Coop also said: In the meantime, the demand for all everyday products has settled at a high level – after the increased demand for longer-lasting food in the past month. In general, bottlenecks at Coop are still not an issue, said Coop spokeswoman Rebecca Veiga. “The supply is guaranteed.”

However, with a view to the approaching Easter weekend, both major distributors are advising to plan purchases in good time. Veiga may have to wait in the meantime before the holidays, said Veiga. Customers have already been asked via social media and the website to do their Easter shopping early this week. In addition to the longer waiting times, it is also a matter of avoiding crowds.

For a good three weeks now, grocery stores and other shops that also offer groceries or items for daily use have been allowed to remain open, unlike the rest of the retail trade or restaurants. However, this is only possible to a limited extent due to the measures taken to contain the corona virus: hygiene rules must be observed, and currently only one person per ten square meters is allowed in each branch.

In the early days, employees in the Swiss supermarkets also sometimes failed to fill up the empty shelves, despite special shifts and extra journeys when transporting goods.

Sports colleagues sort goods

This is why helping hands are required in the current exceptional situation: At the moment it can happen at Migros that you are served by a fitness trainer or golf instructor.

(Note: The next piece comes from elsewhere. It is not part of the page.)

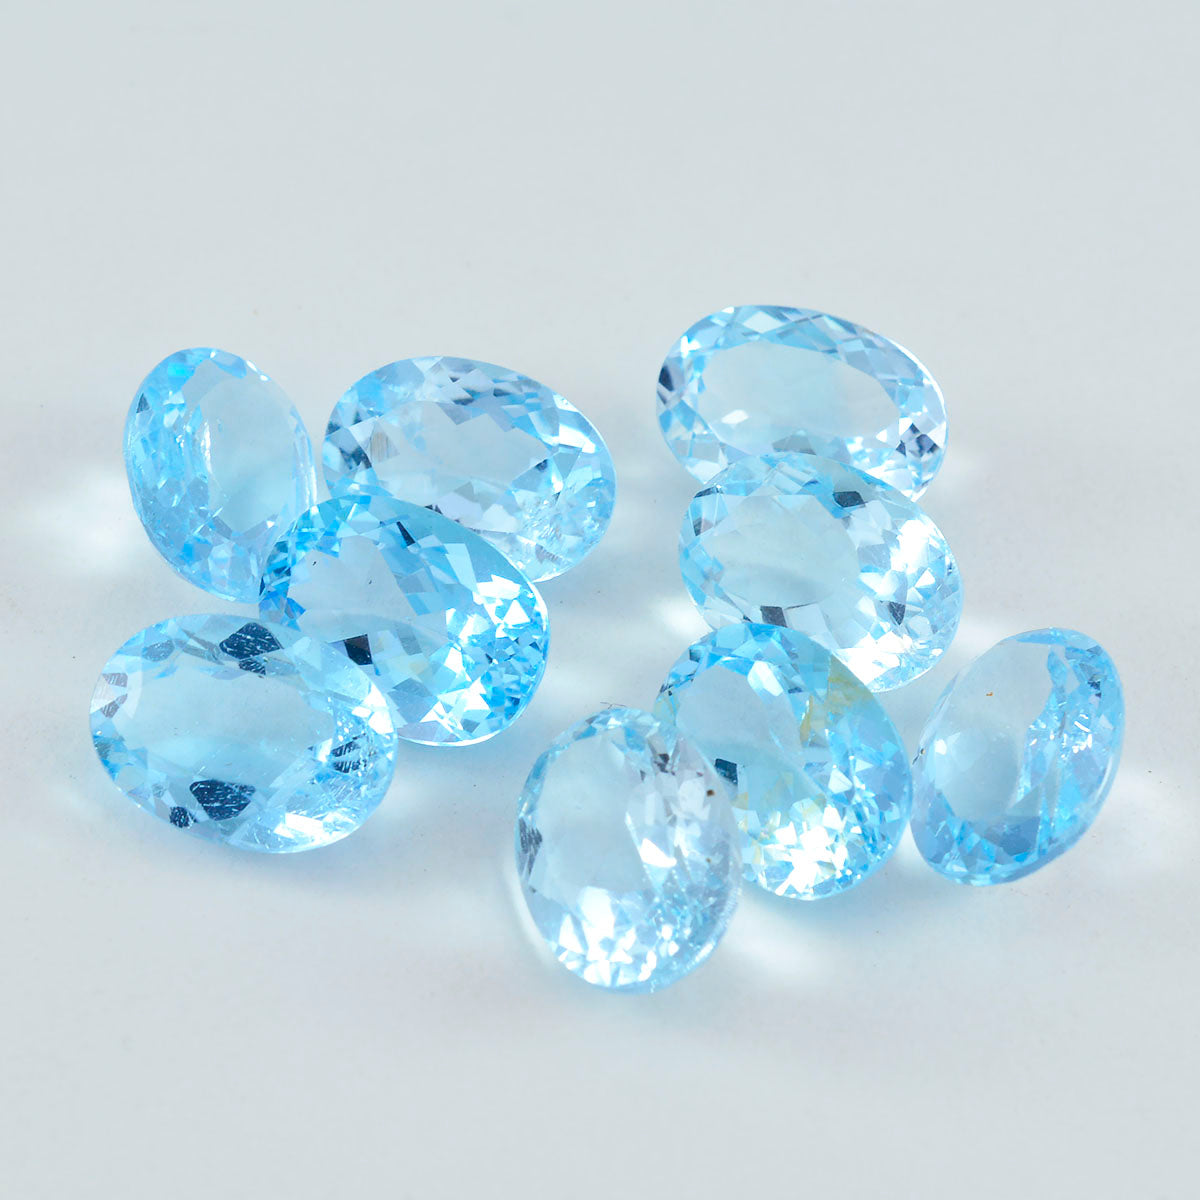 Riyogems 1PC Genuine Blue Topaz Faceted 8x10 mm Oval Shape Nice Quality Loose Gems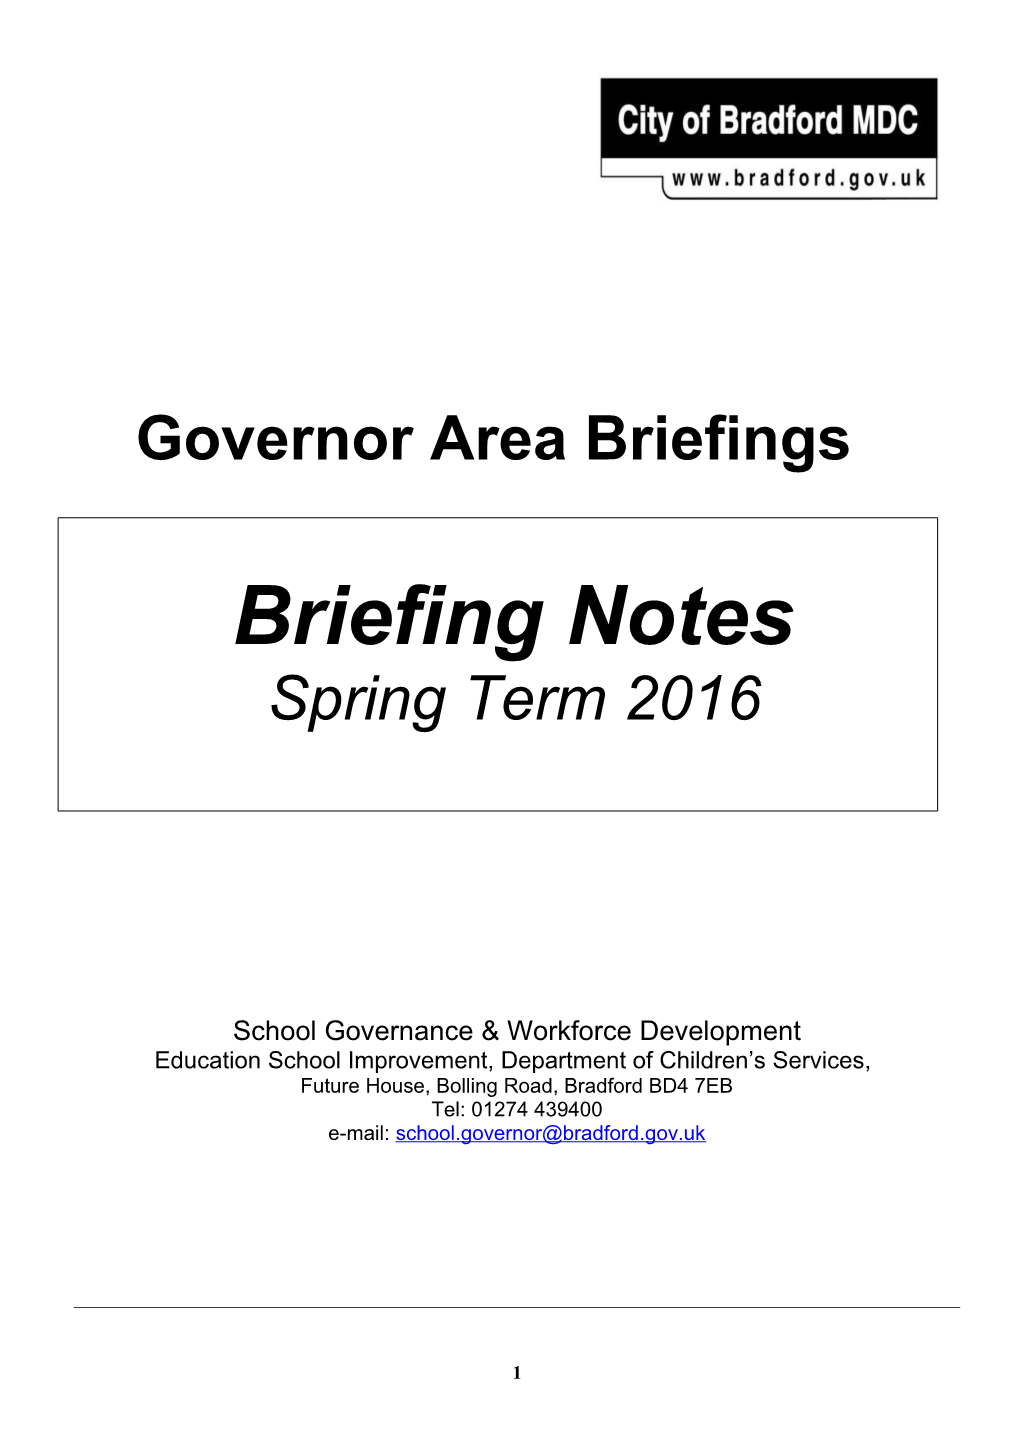 Briefing Notes - Spring Term 2000

A large part of the employees of the leisure facilities currently support colleagues in the supermarkets, said Migros spokesman Stöpper. That was a matter of course within the group at these times.

Sports and fitness centers must remain closed until April 19th. The individual cooperatives had therefore formed a pool of employees, with whom you could volunteer to help out, explained Stöpper. Occasionally, however, it could also happen that someone is obliged to step in, where a lot of additional work is required. The employees of the sports offers help in particular with refilling the goods or also with the admission control.

The retailer Migros is also the largest provider of leisure facilities in Switzerland with over 130 fitness and seven golf courses.

At Coop, around 13,000 employees from the closed non-food areas support colleagues in the supermarkets and in logistics.